-- Dataset excerpt follows --
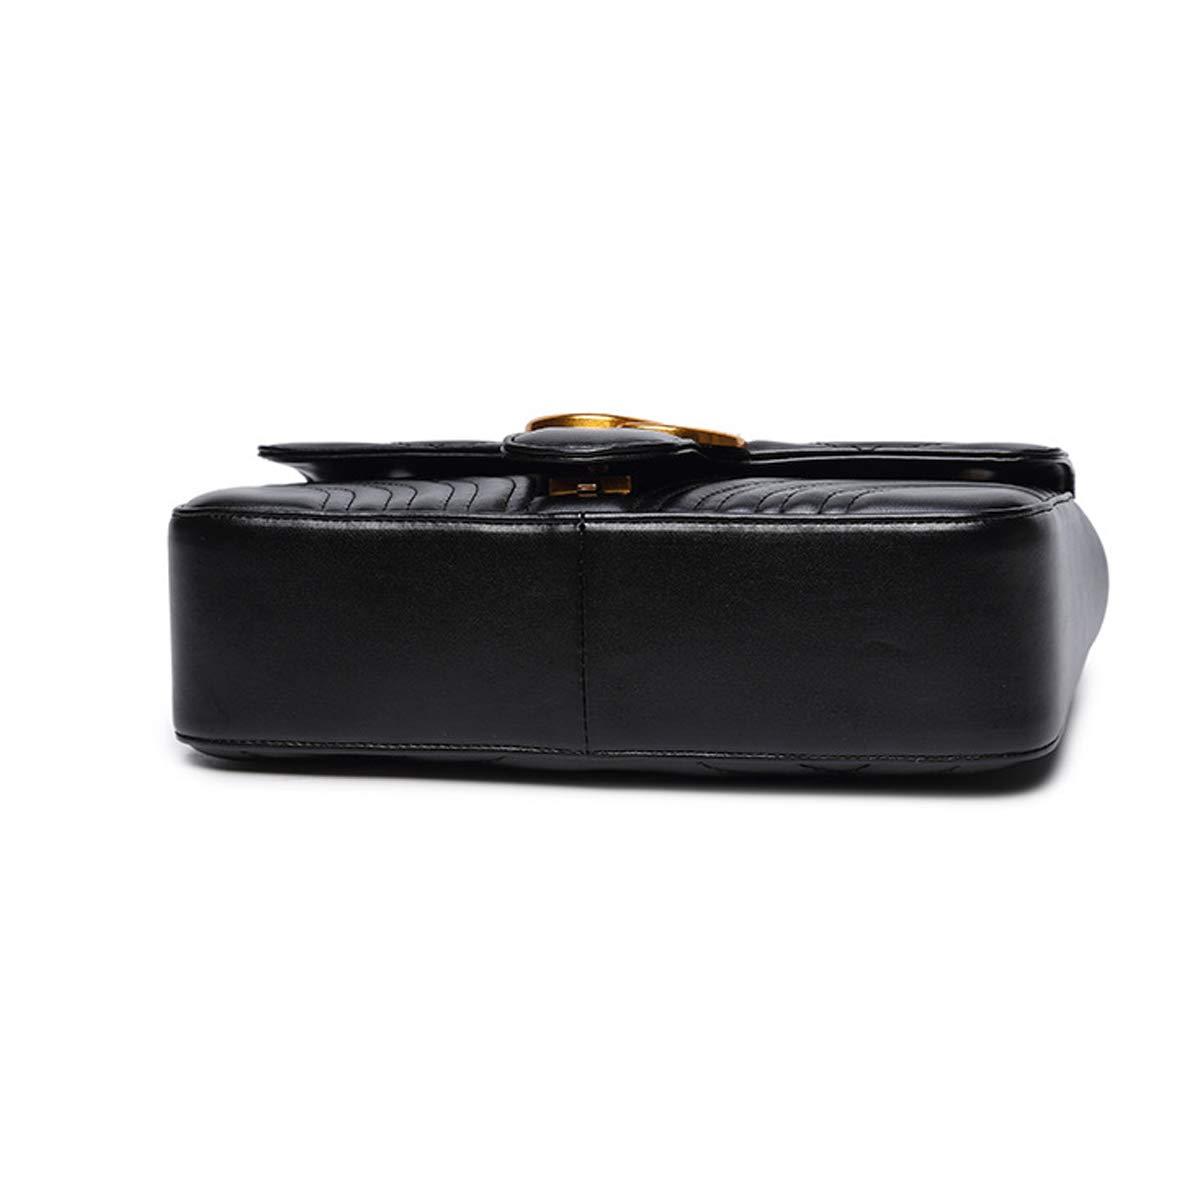 2019 neue lamm muster Gold kette umhängetasche mini umhängetasche umhängetasche umhängetasche damen handtasche handtasche klassische abendtasche (schwarz, Small) B07P9NLDN5 Damenhandtaschen Adoptieren f24375
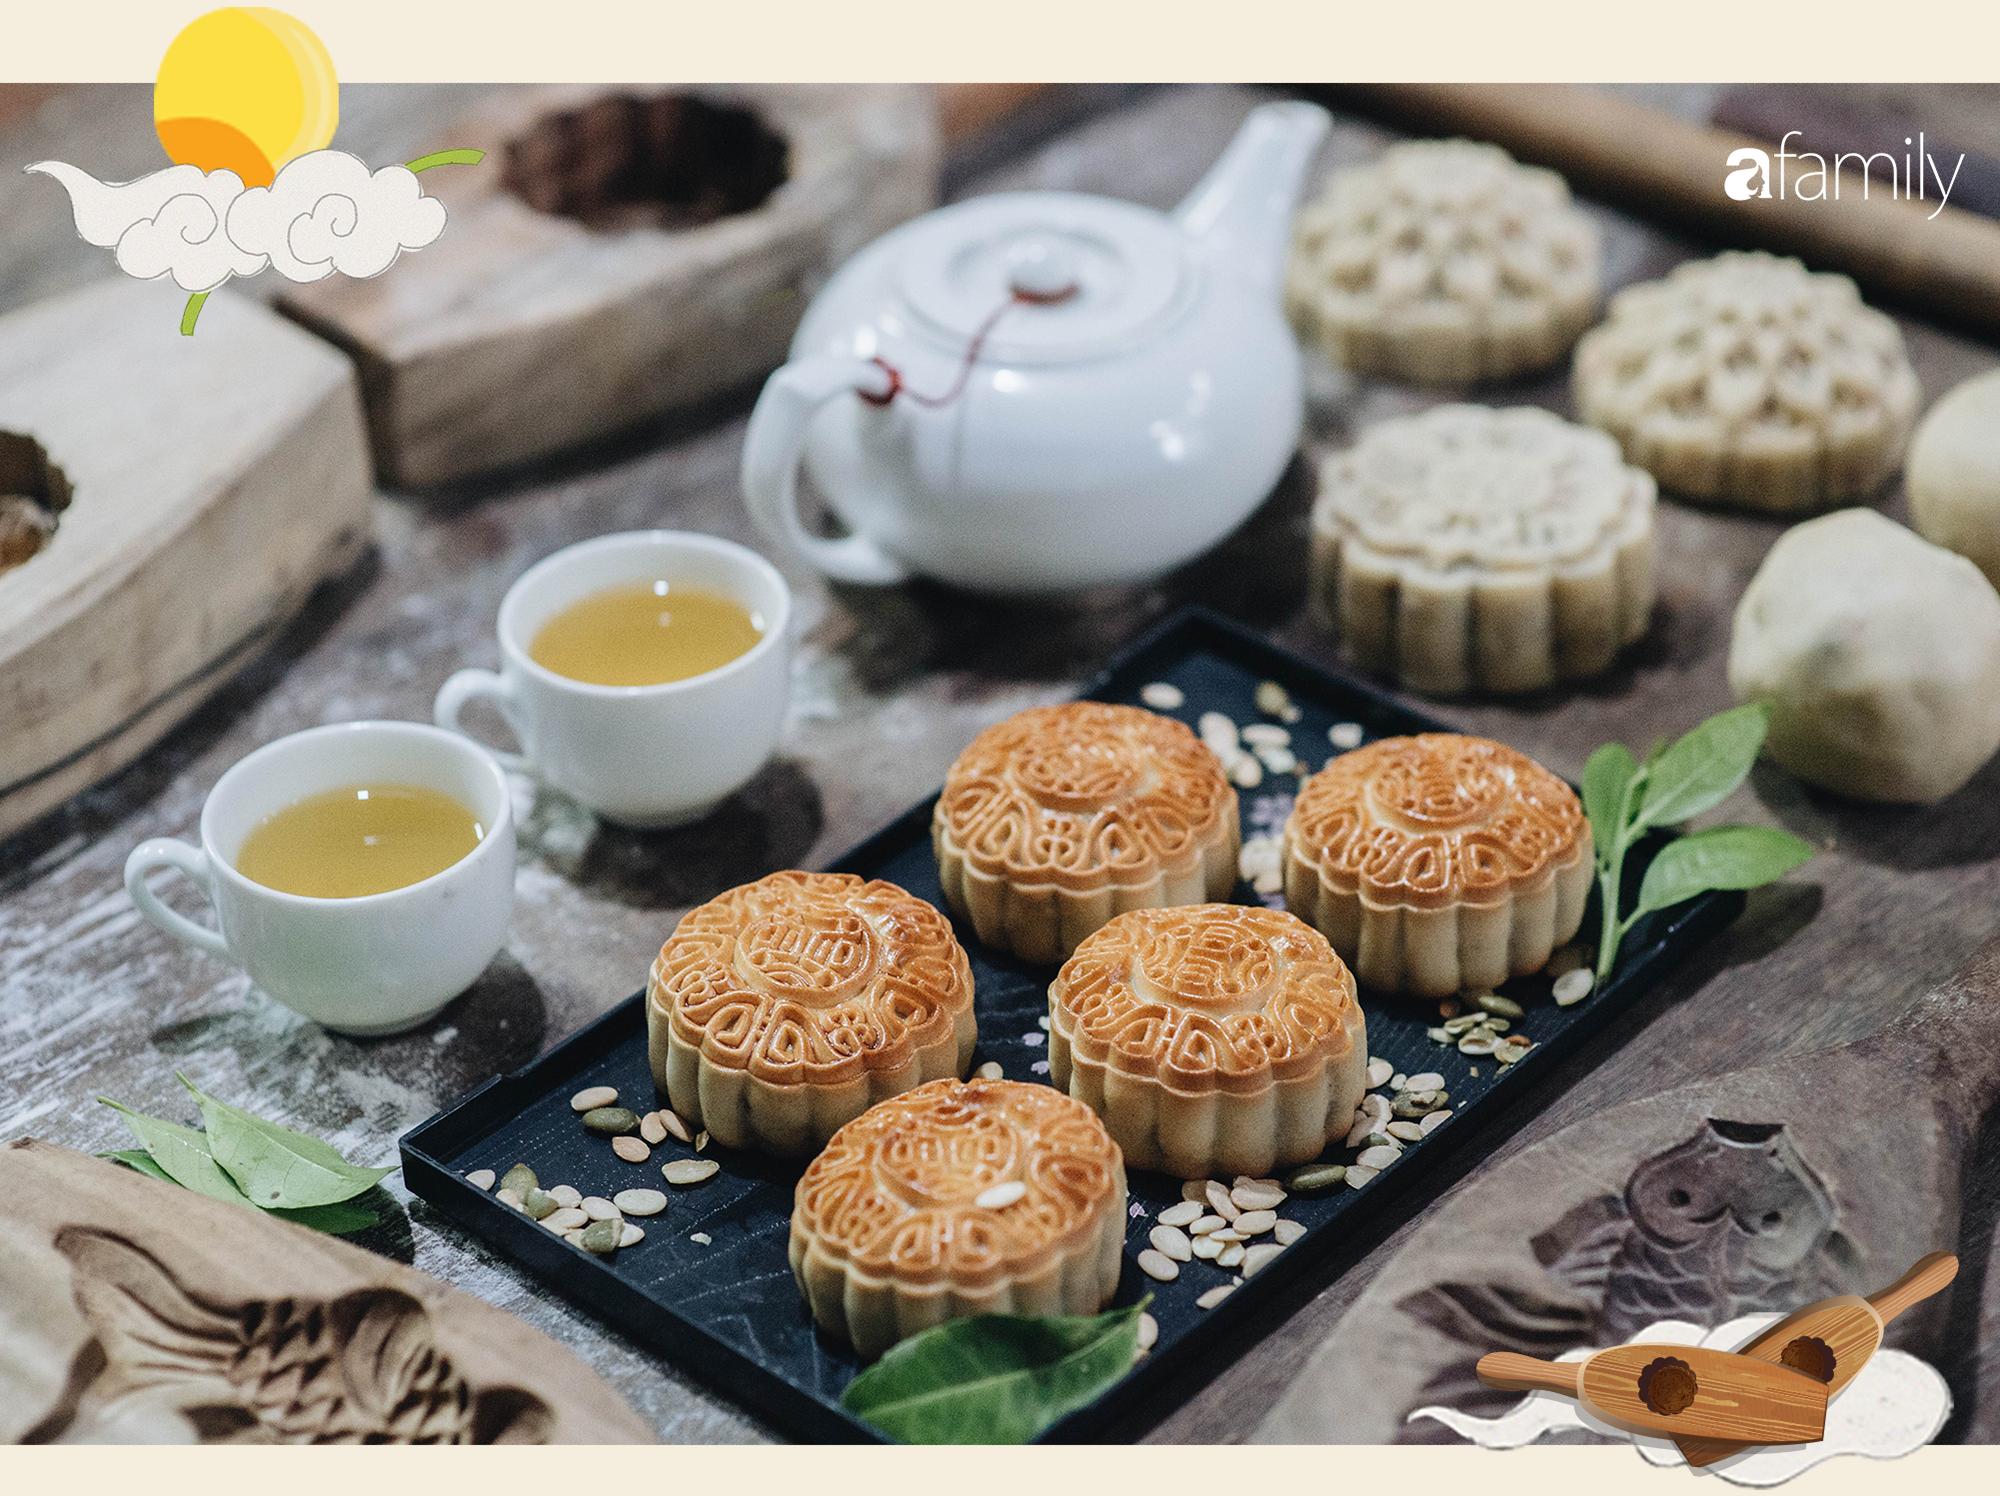 Hậu duệ đời thứ 4 của gia tộc hơn 100 năm làm bánh Trung thu đất Hà Thành: Nếu ăn chơi có thể thử 'của lạ', nhưng muốn nhớ lâu hãy quay về truyền thống - Ảnh 12.
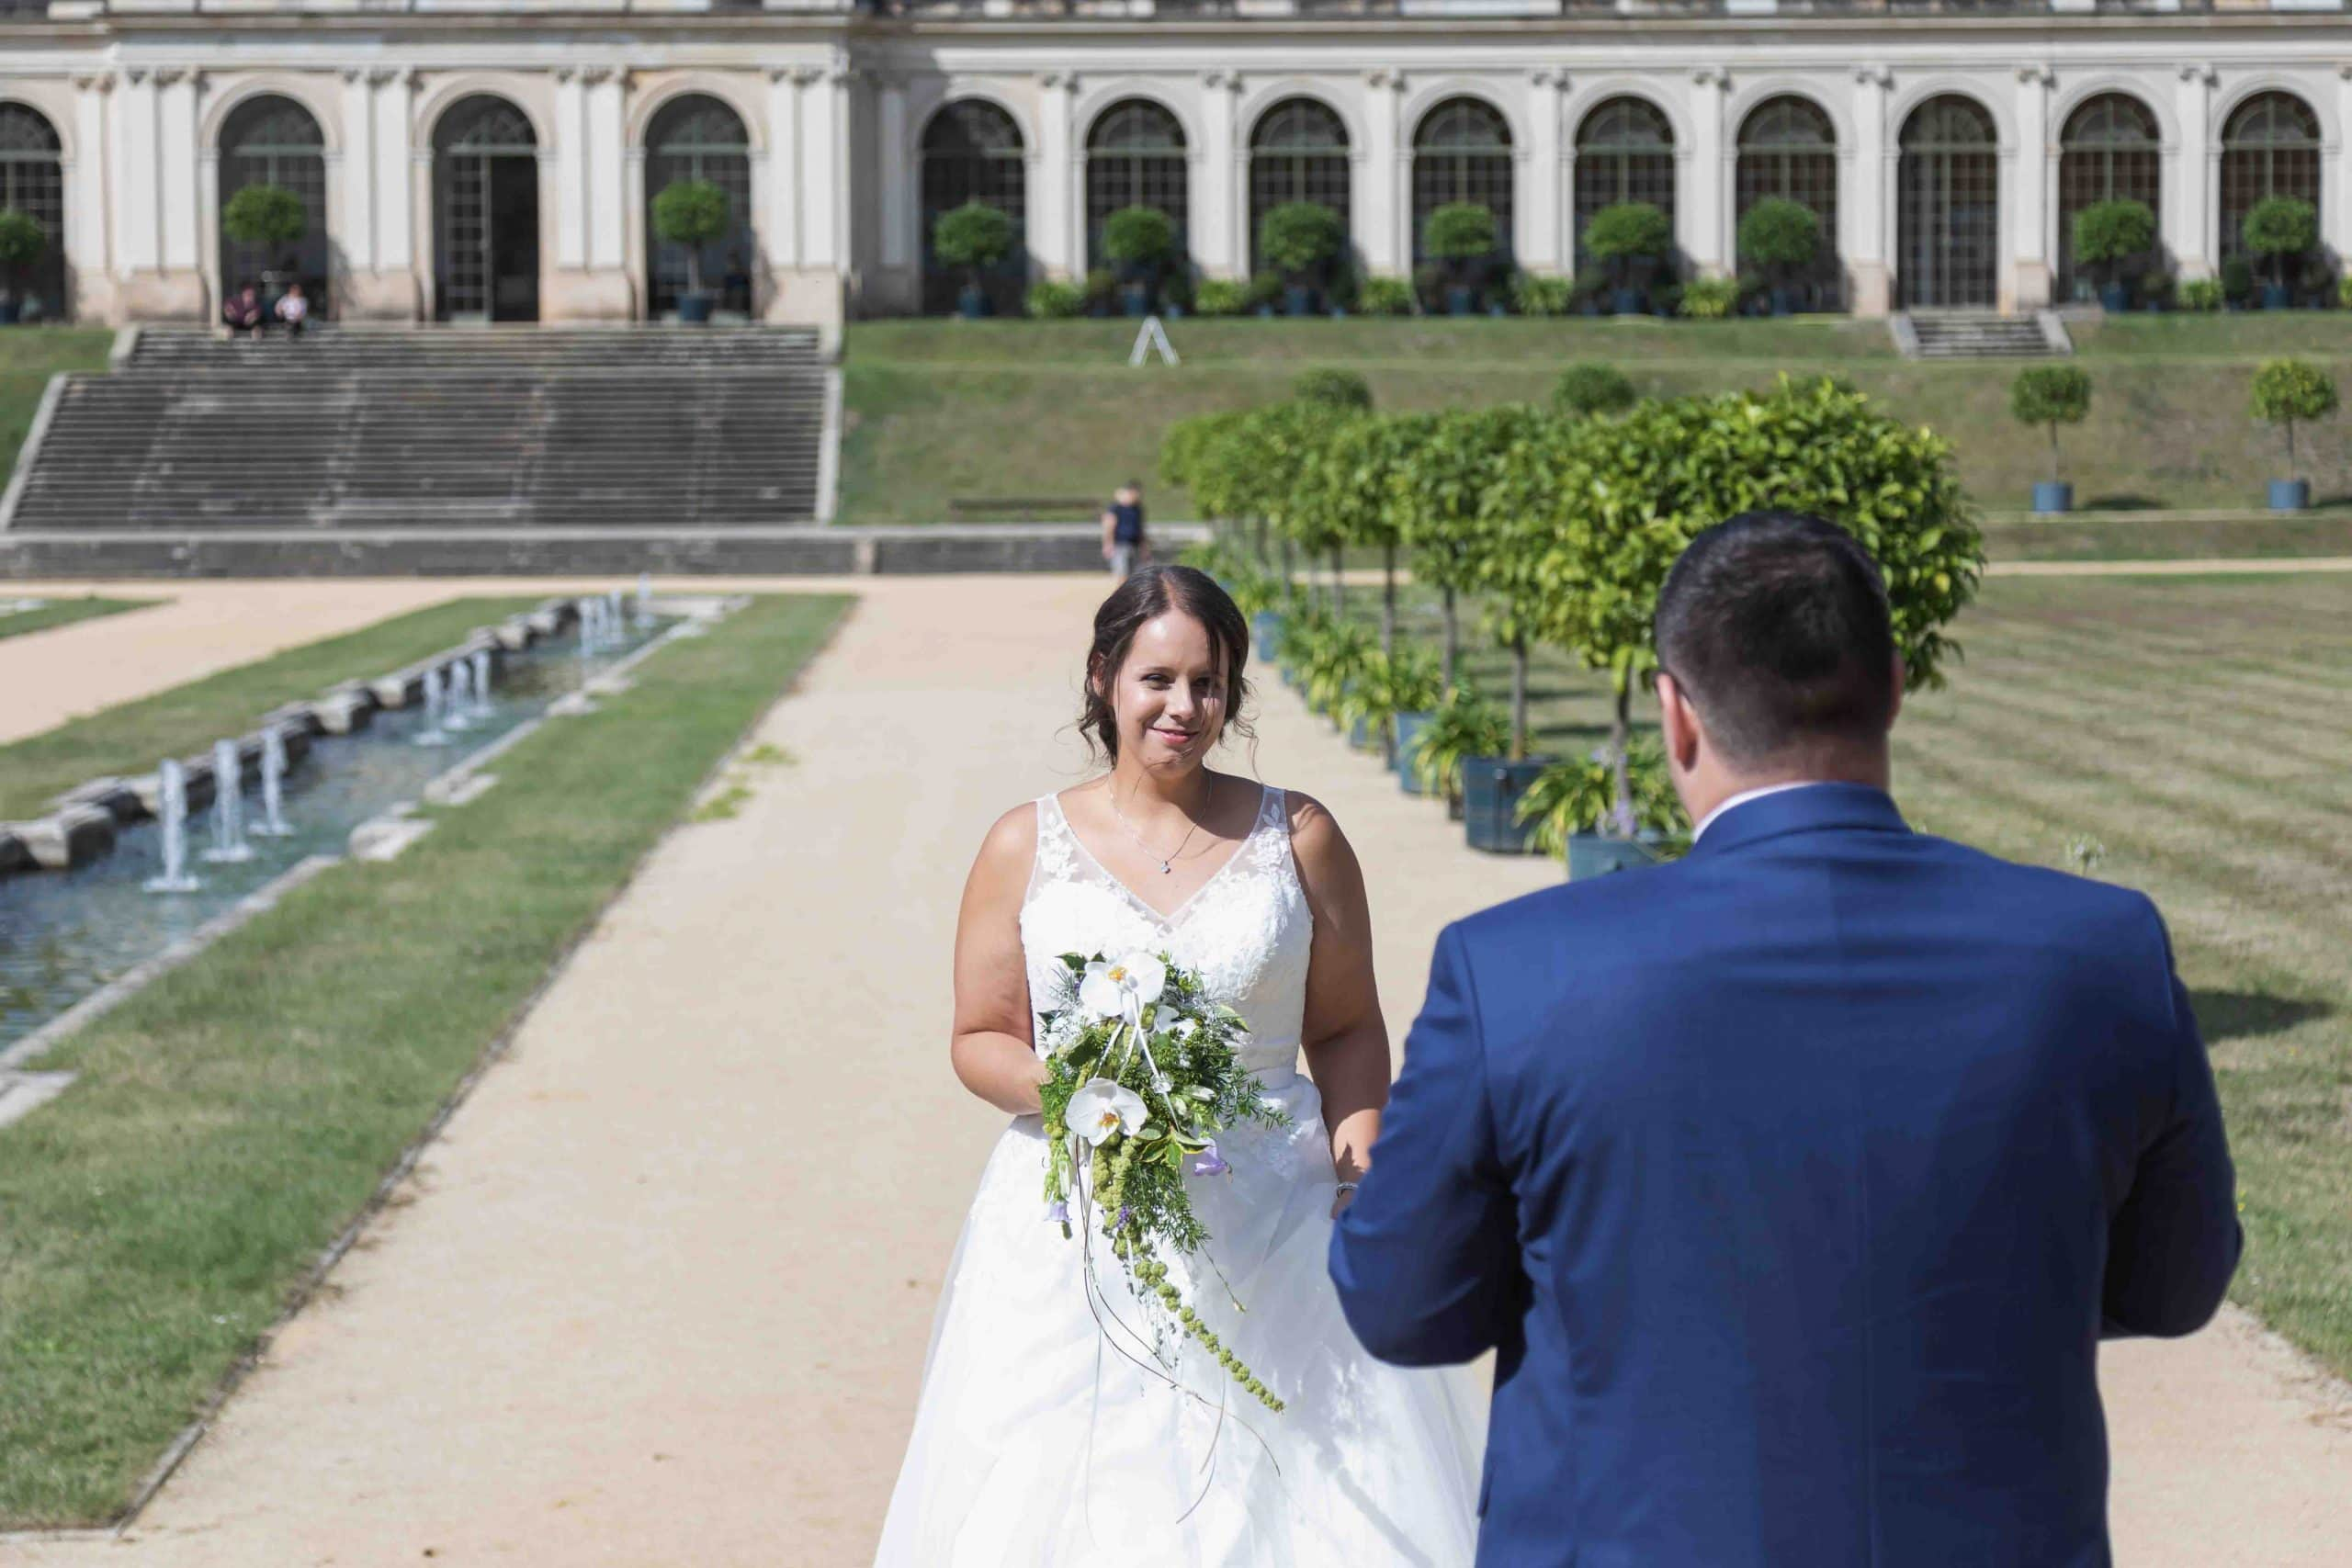 dresden-hochzeit-dresden-hochzeit-heiraten-dresden-fotograf-dresden-hochzeit-reportage-hochzeit
-- Dataset excerpt concluded --
Print the material again word for word. Please drop every picture.

== Response area ==
 2019 neue lamm muster Gold kette umhängetasche mini umhängetasche umhängetasche umhängetasche damen handtasche handtasche klassische abendtasche (schwarz, Small) B07P9NLDN5 Damenhandtaschen Adoptieren f24375
 Hậu duệ đời thứ 4 của gia tộc hơn 100 năm làm bánh Trung thu đất Hà Thành: Nếu ăn chơi có thể thử 'của lạ', nhưng muốn nhớ lâu hãy quay về truyền thống - Ảnh 12.
 dresden-hochzeit-dresden-hochzeit-heiraten-dresden-fotograf-dresden-hochzeit-reportage-hochzeit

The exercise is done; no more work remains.